Segment Open
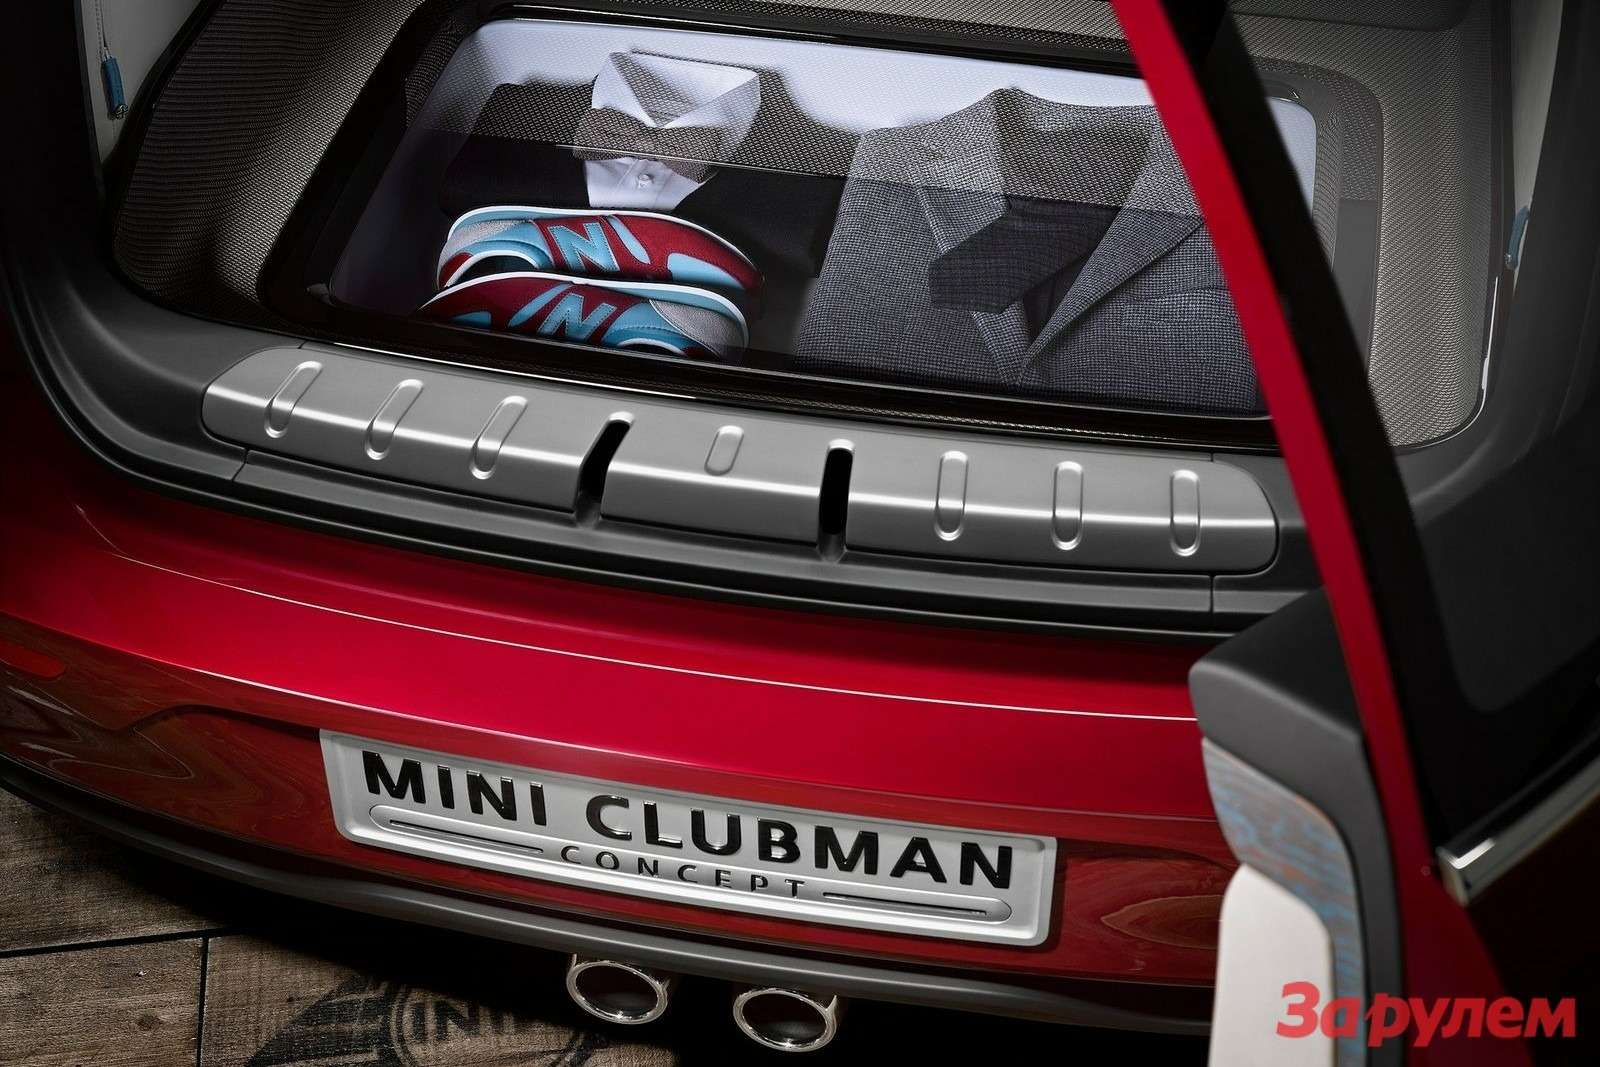 MINI Clubman Concept
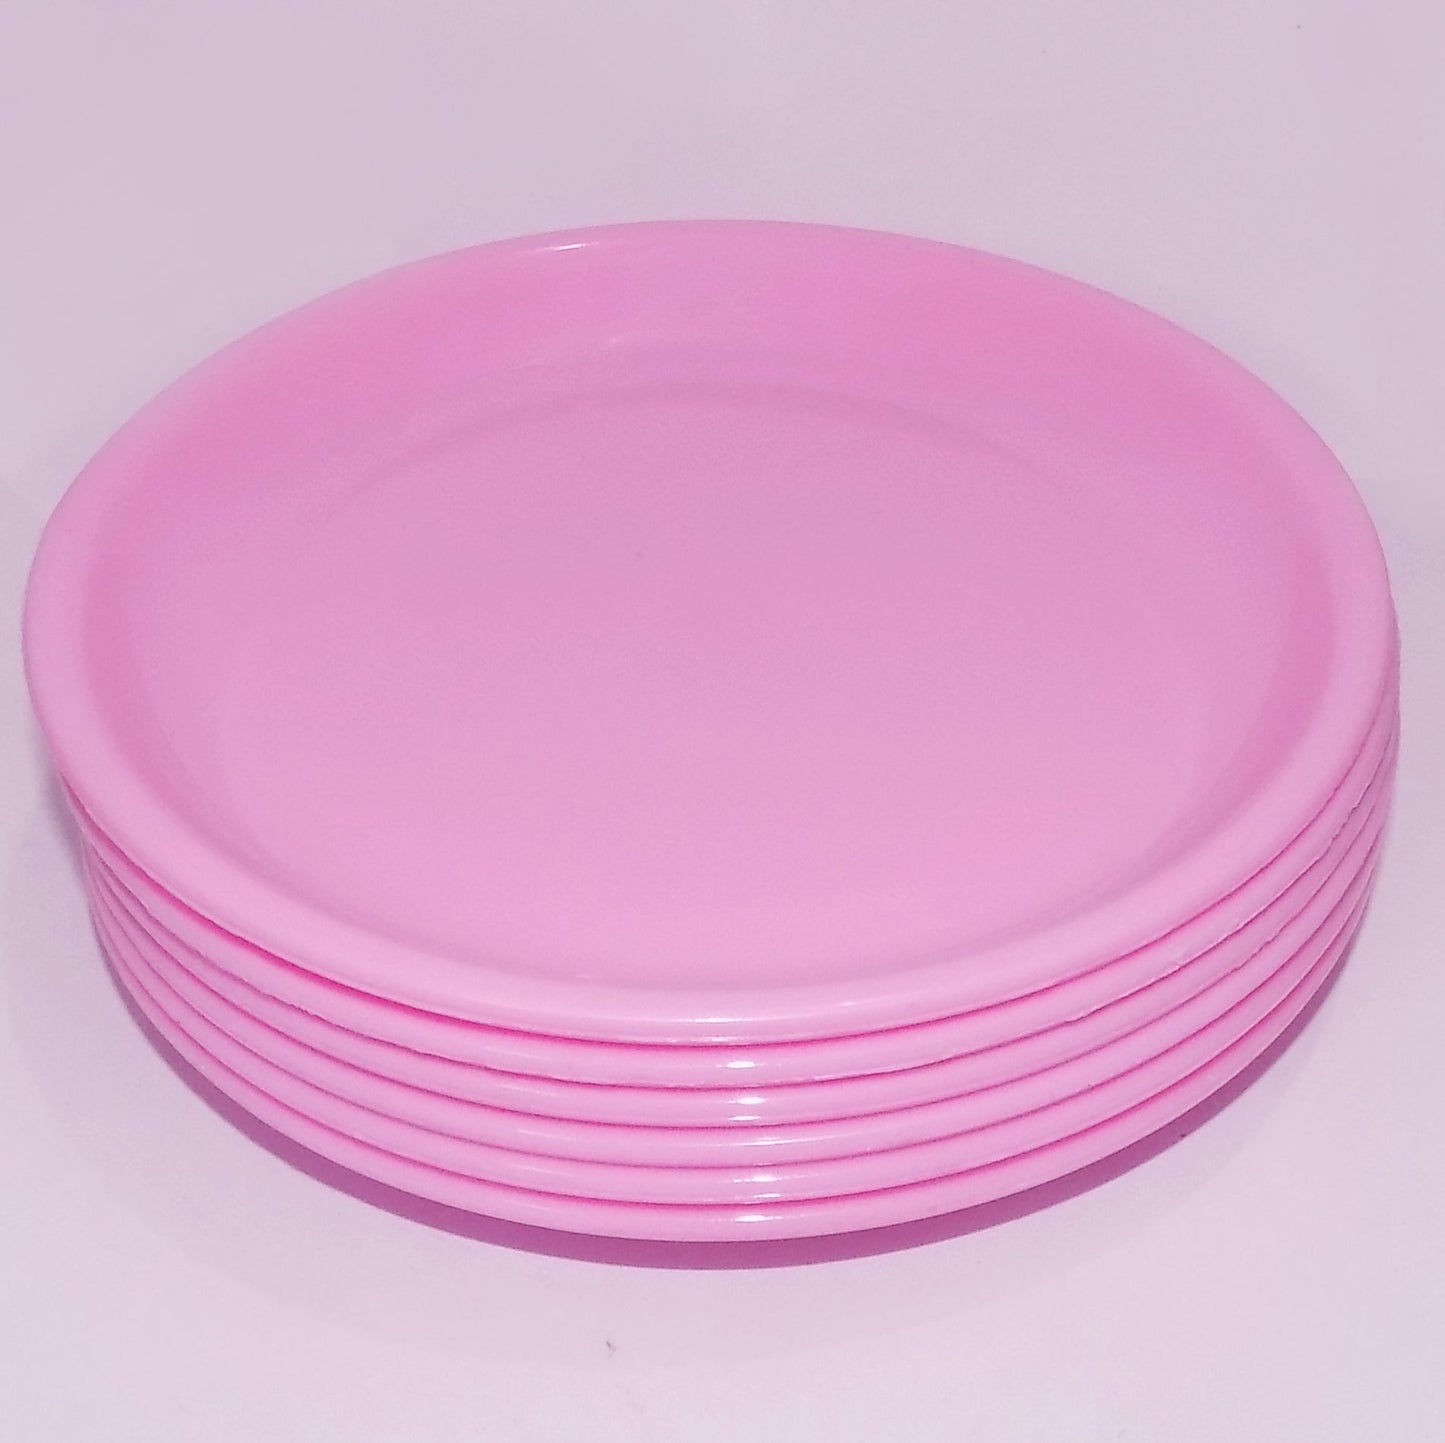 2185 Round Shaped Mini Soup Plates/Dishes - 6 pcs 
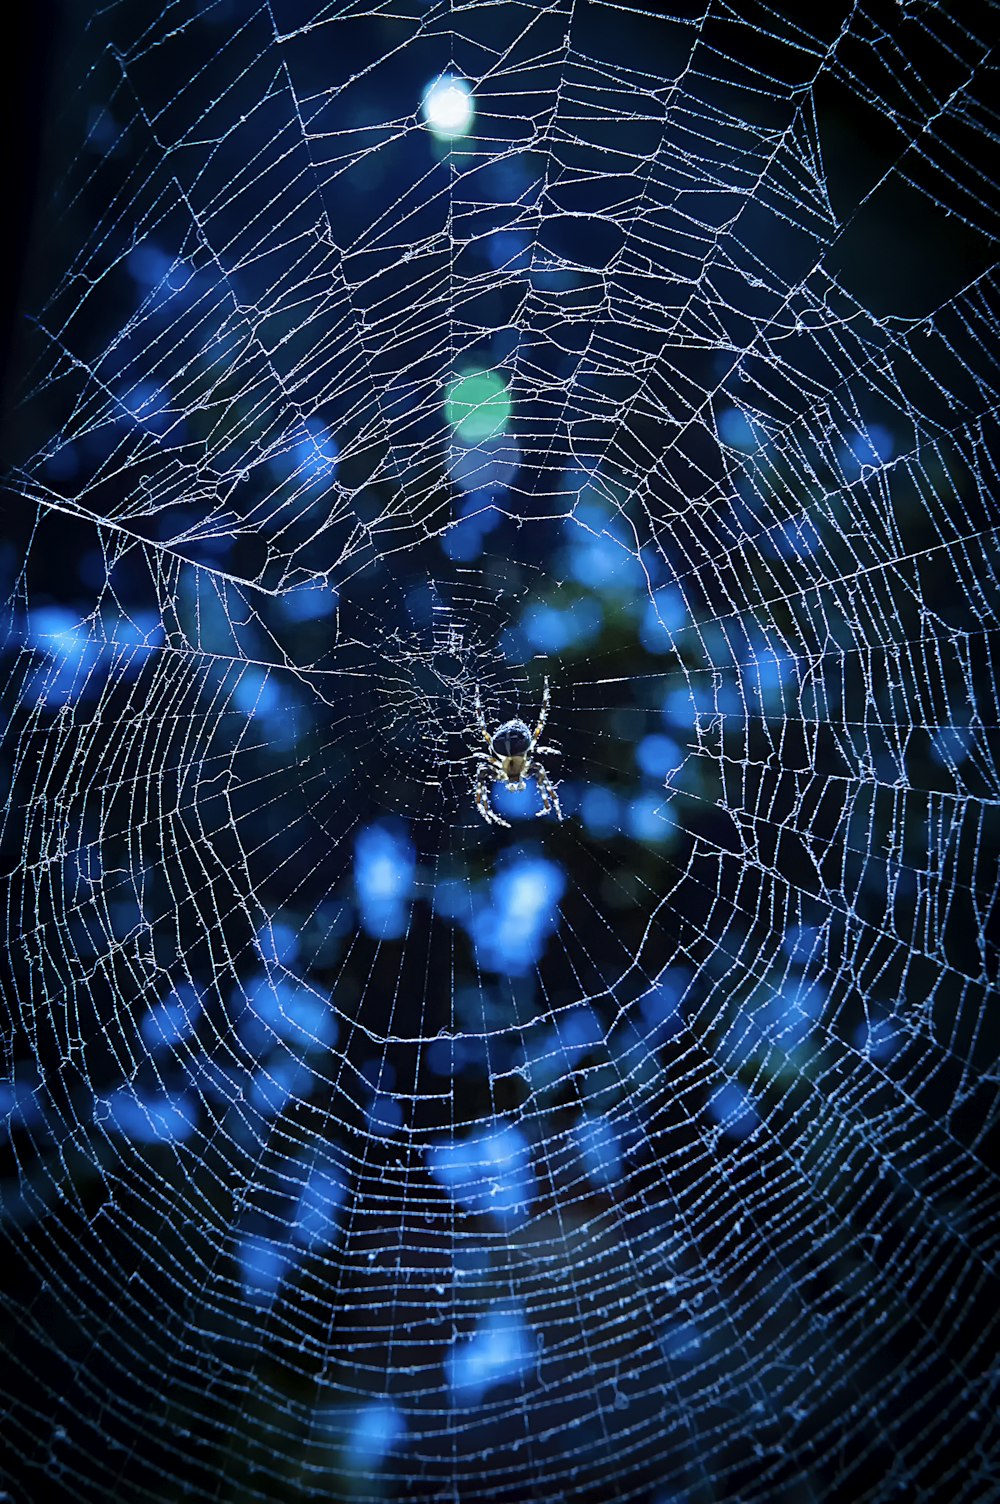 Foto mit flachem Fokus der grauen Spinne
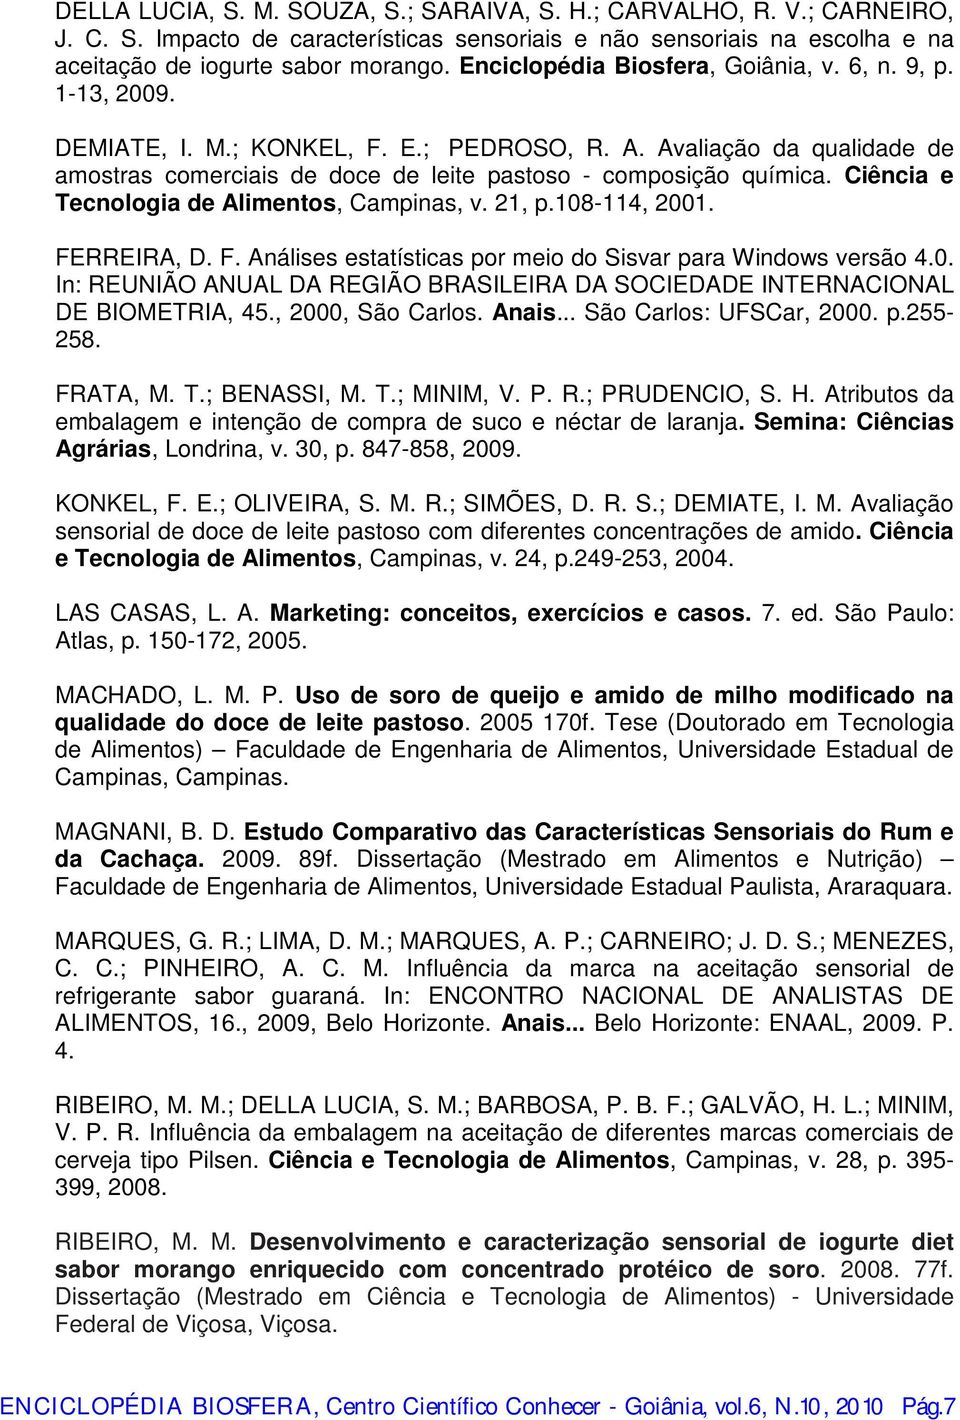 Ciênci e Tecnologi de Alimentos, Cmpins, v. 21, p.108-114, 2001. FERREIRA, D. F. Análises esttístics por meio do Sisvr pr Windows versão 4.0. In: REUNIÃO ANUAL DA REGIÃO BRASILEIRA DA SOCIEDADE INTERNACIONAL DE BIOMETRIA, 45.
Segment Closed
» **EXERCISE DESCRIPTION**: Where a picture appears, skip it and copy the rest of the data word for word.

» **SOLUTION TO THIS TASK**:
 MINI Clubman Concept
 2185 Round Shaped Mini Soup Plates/Dishes - 6 pcs 
 Foto mit flachem Fokus der grauen Spinne
 Ciênci e Tecnologi de Alimentos, Cmpins, v. 21, p.108-114, 2001. FERREIRA, D. F. Análises esttístics por meio do Sisvr pr Windows versão 4.0. In: REUNIÃO ANUAL DA REGIÃO BRASILEIRA DA SOCIEDADE INTERNACIONAL DE BIOMETRIA, 45.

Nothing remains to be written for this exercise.